Привел он меня обратно в цирк, там уж все дрыхли, а я только на то и надеялась, что у мамаши — бухалово, и меня особо никто не ищет. Стал целовать, я говорю, я не могу, не могу, но ему, по-моему, все равно было. Тоже нетрезв был. А потом даже решил, что это у меня из-за него столько крови натекло и стал меня утешать. А я была влюбленная в него дура малолетняя. Он так и говорит спьяну:

— Уезжай завтра со мной, поженимся, я тебя в цирк устрою, будем вместе всегда.

— Да вы что? — искренне поразилась Даша.

— Самое страшное, что я с ним и уехала, — добила Людмила Олеговна, — только через полгода родителям написала, мамка мне ответила, что я хорошо успела, их скоро на Север переводят и в принципе, она писала, что я правильно сделала.
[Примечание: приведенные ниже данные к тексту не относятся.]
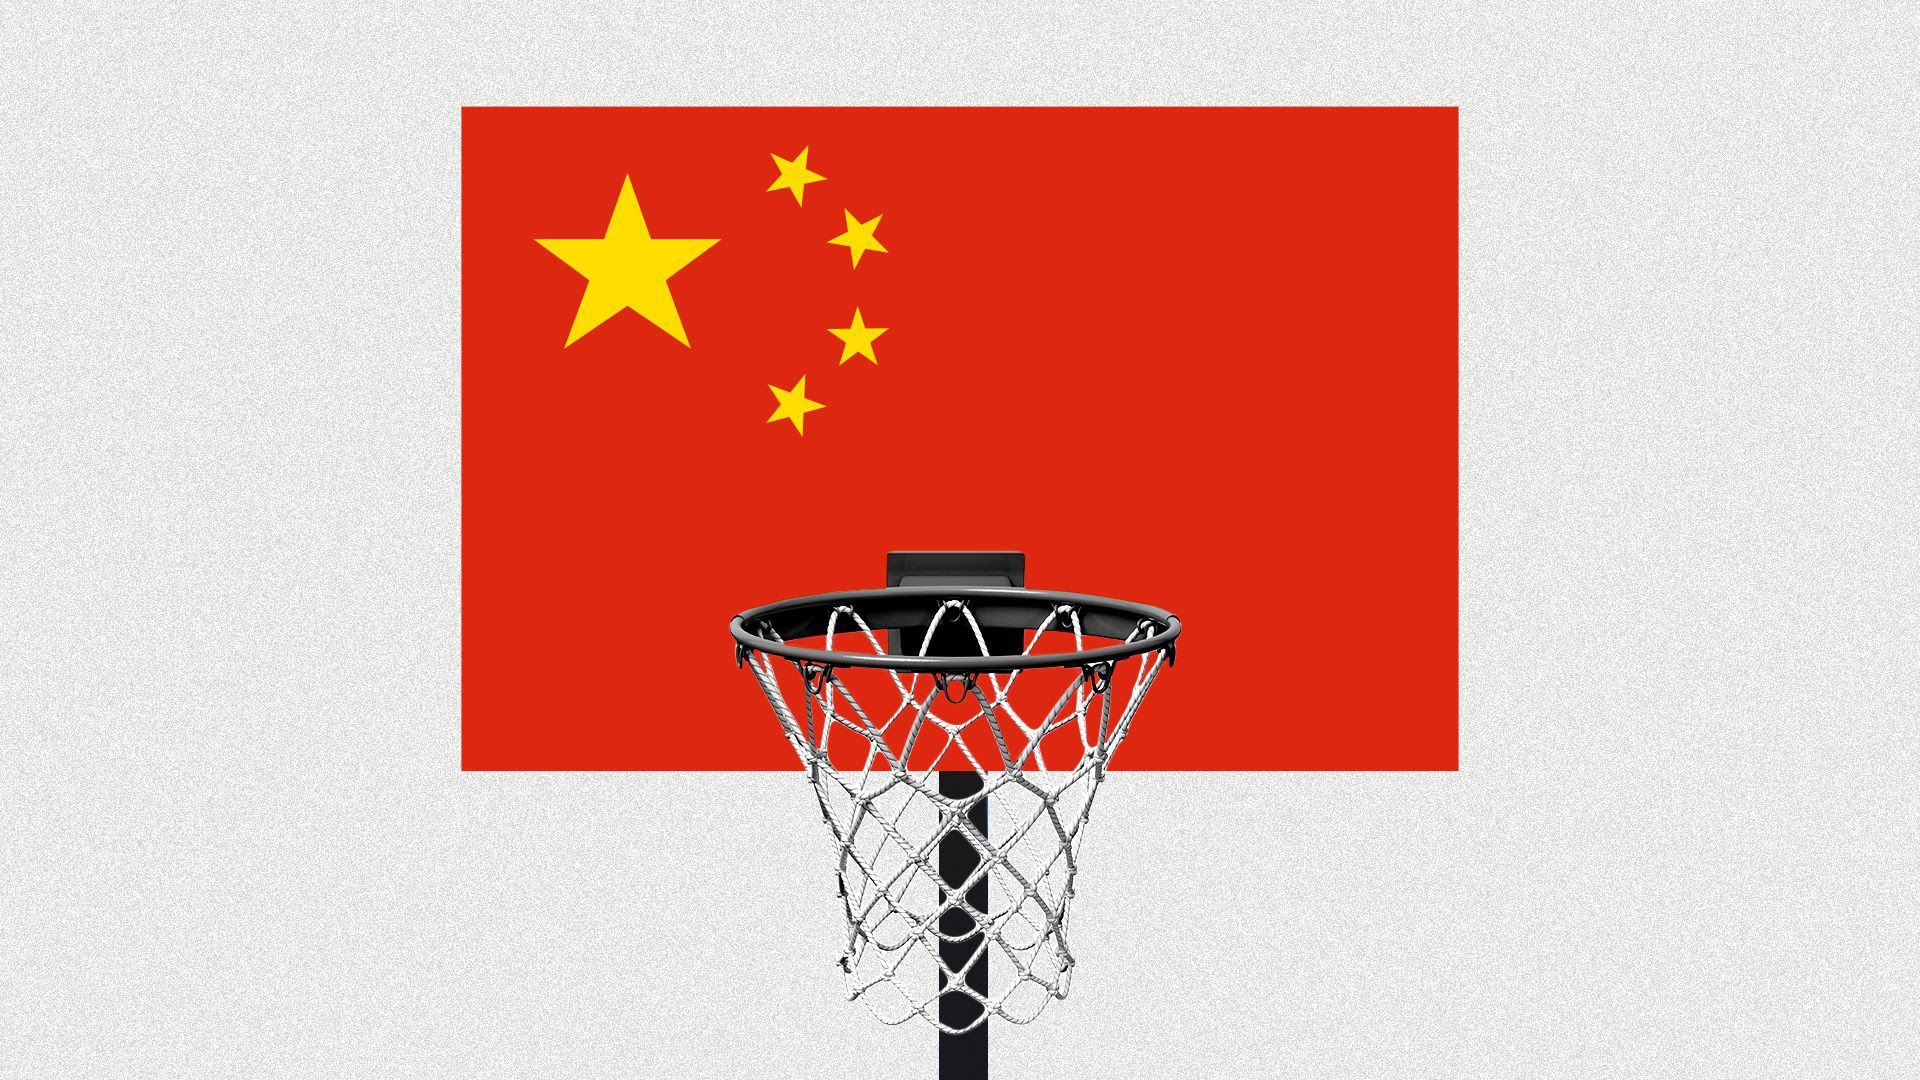 Illustration of a basketball hoop with the Chinese flag

Лучше уж с циркачом и вонючими пантерами сидеть, чем с военным тупьем по гарнизонам мотаться. Документы я сказала потеряла, мне новые дали, где я уж на два года старше оказалась, ну, а годик быстро пролетел, мы с Рыбенко расписались. Детей, слава Богу, долго не было, а потом Федька родился, мне уж почти двадцать пять было. Кесарево сделали, так, что без слез не взглянешь. Ну, я и решила, что больше мне такой радости не надо, и, соответственно, шесть абортиков без наркоза — все, как полагается.

Каким-то просто чудом дали Вовке в Железнодорожном однокомнатную квартиру, там мы и осели. Федька уж в первый класс ходил. И однажды вечером приносит мой муж домой маленькую свинку, он все дрессировкой занимался, и говорит, что это — кабаненок, бедненький, у него мама умерла, надо его выходить, а потом он его, подрощенного, начнет дрессировать, и сделает такой номер, что все просто в обморок упадут. Мне эта затея как-то сразу не понравилась, что-то, думаю, не то, свинья в квартире, на третьем этаже, невиданное что-то. Но Федька насел: «Мама, ну, пожалуйста!» — и вместе они меня уломали.
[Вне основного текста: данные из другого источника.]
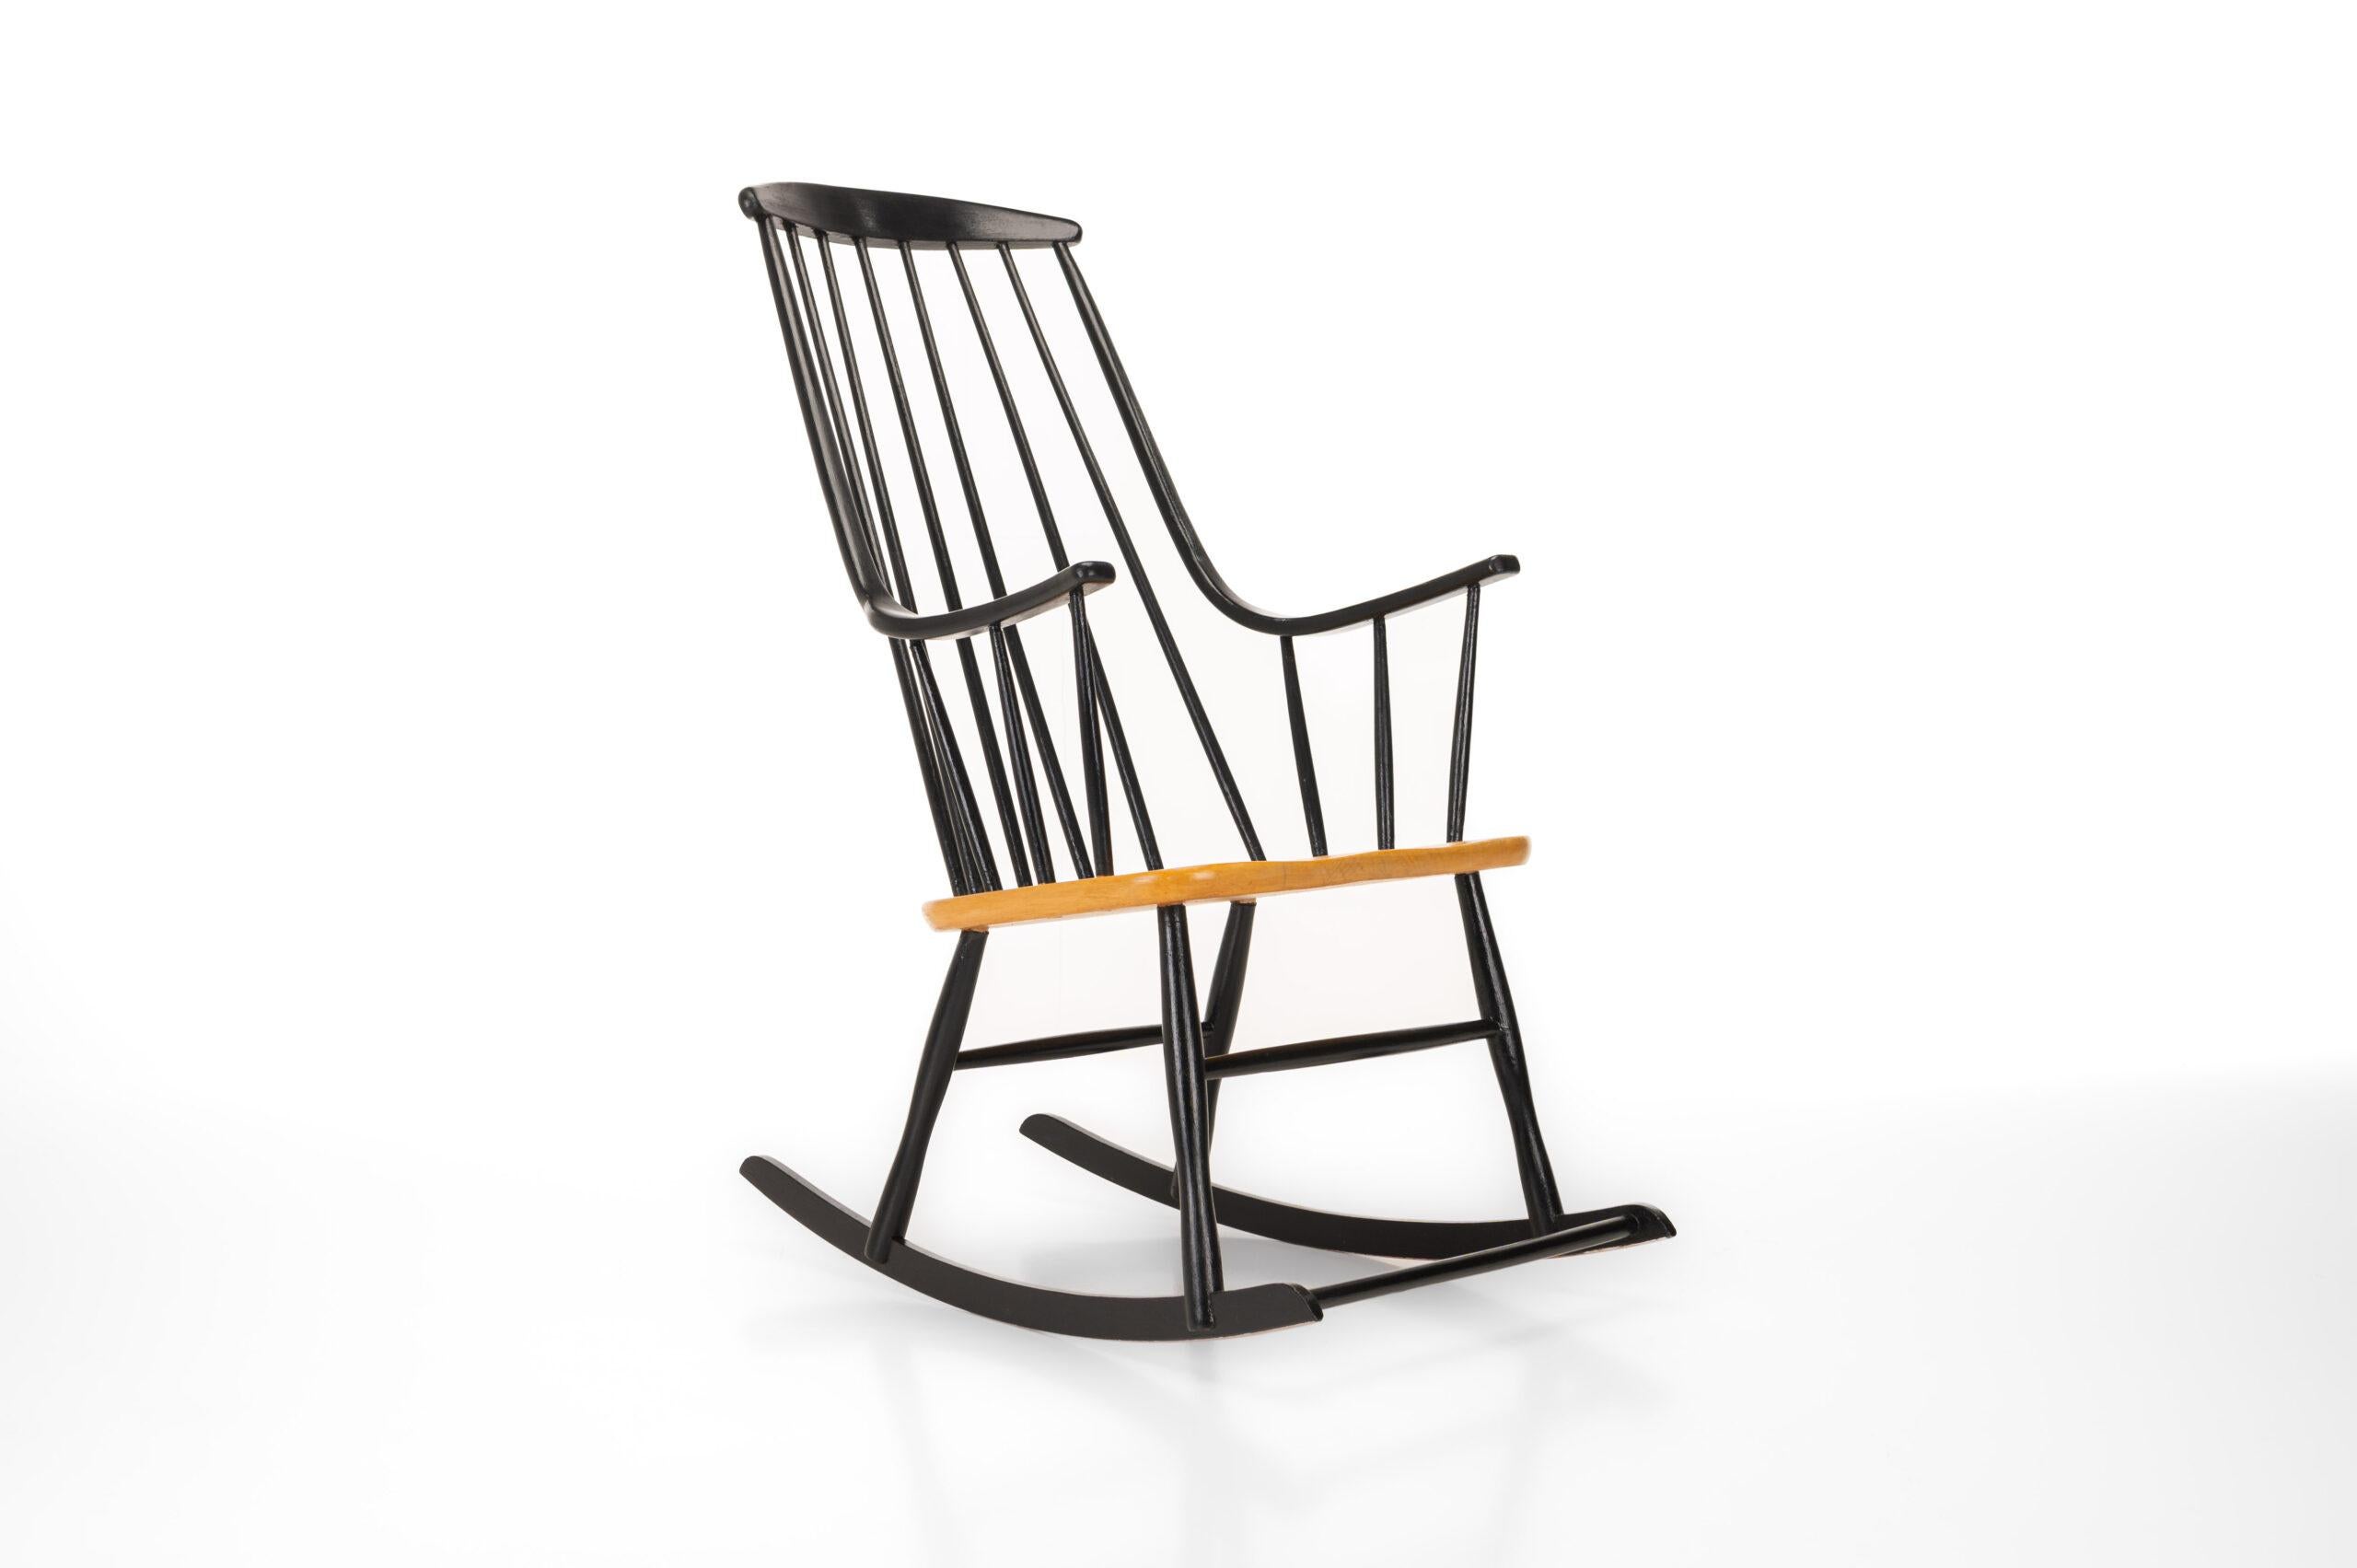 Wood Vintage Rocking Chair by Lena Larsson for Nesto, Sweden, 1950s

Ну, а месяца через три, эта свинка уж с собаку здоровую стала и, главное, волосатая такая, хрюкает, как трубит, с клыками! А эта сволочь Рыбенко взял и сбежал с какой-то очередной малолетней шлюхой. Записку мне оставил, что он, сука, влюбился и не может жить во лжи. Я думаю, какая гадина! Хоть квартиру, мразь такая, оставил, и новый вопрос — куда мне эту свинью девать? Посадила я ее на поводок и, как дура, поехала в Москву, в цирк, где эта сволочь работала. В трамваях с ней ехала! Народ от хохота сгибался. А в цирке на меня тоже как на сумасшедшую посмотрели — говорят, отродясь такого не было, что свиньи в цирке выступали, и никакая это у вас не свинья, говорят, а самый настоящий секач. Он через пару лет заматереет и вообще в дверь не пролезет. Посоветовали сдать его на мясо или в деревню отвезти, чтобы там кто-нибудь, кто умеет, зарезали.

А секач стоит, смотрит глазками своими, все понимает. И тут я вдруг мамку вспомнила, как она говорила, про животных, что их можно любить. Жалко мне стало секача, думаю, пускай уж живет, привыкли мы к нему, и он у нас как-то обжился.

— Бог с тобой, — говорю, — Рекс, никаким людям я тебя в деревню не повезу.

Он и обрадовался — умнее человека был, запрыгал, захрюкал, и поехали мы обратно.

Ну, пока он молодой был еще, туда-сюда, как-то справлялись. Гулять нам, правда, домоуправление запретило, и он на балконе срал. А ссал сколько! Ведра! Метил все, вонь такая стояла, что весь дом погибал. И жалобы на нас писали, и убить его грозились, война прямо началась. А я нарочно уперлась, назло, думаю, вам, суки, буду секача дома держать. Не запрещено! Хочу и держу. Говорю, возникать много будете, пару ему заведу, и поросятки пойдут.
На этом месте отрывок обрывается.